Voor de plaatsing van de defibrillator wordt u daags voordien opgenomen in het Universitair Ziekenhuis van Antwerpen. Na de implantatie van een defibrillator, mag u de arm aan de kant van de defibrillator gedurende een tweetal dagen niet gebruiken. Er is ook een wettelijk bepaald rijverbod van één of drie maanden, afhankelijk van de reden waarom de defibrillator werd geplaatst.

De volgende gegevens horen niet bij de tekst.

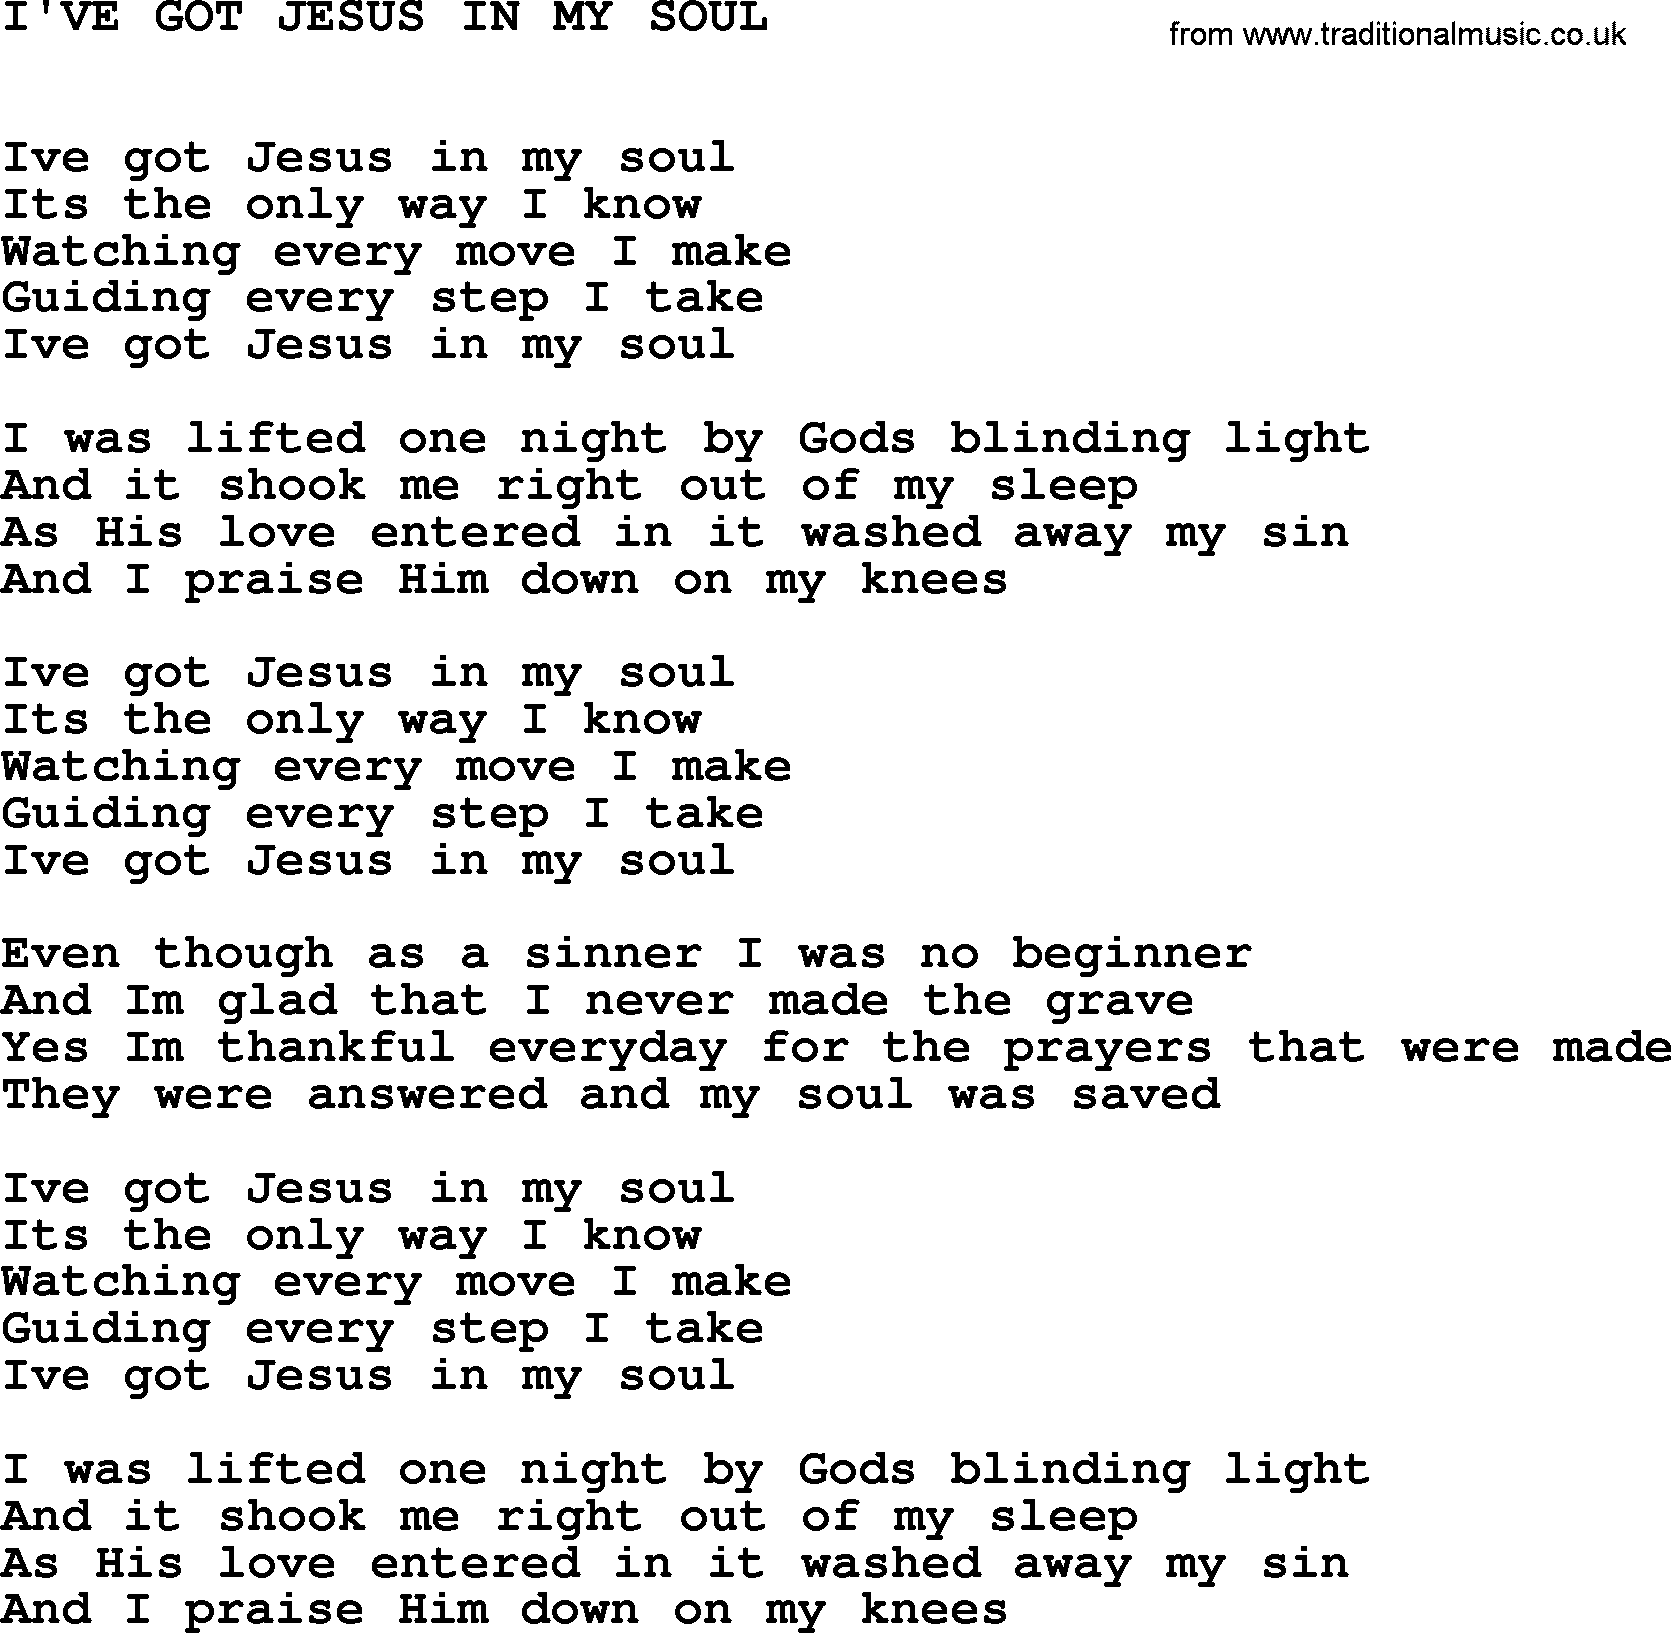 Johnny Cash song I've Got Jesus In My Soul.txt lyrics

Uw cardioloog informeert u over de duur van uw rijverbod.
De defibrillator moet nadien regelmatig nagekeken worden. Dit gebeurt door middel van zesmaandelijkse controles op de raadpleging, waarvan u automatisch op de hoogte wordt gebracht middels een schrijven. Het controleren van de normale werking gebeurt met een computer en is niet pijnlijk. Het stelt de cardioloog in staat om de werking van de defibrillator en draden na te kijken en te evalueren of de batterij niet vervangen moet worden.
Wat moet u doen in geval van een shock? Indien u een shock gekregen hebt van uw defibrillator en u geen andere klachten hebt, neemt u het best de dag zelf (of tijdens weekend- en feestdagen eerstvolgende werkdag) contact op met secretariaat van de dienst hartziekten van AZ KLINA. U zal dan binnen enkele dagen op de raadpleging worden geëvalueerd. Krijgt u meer dan drie shocks op één dag, is het geadviseerd om naar de dienst spoedgevallen te komen.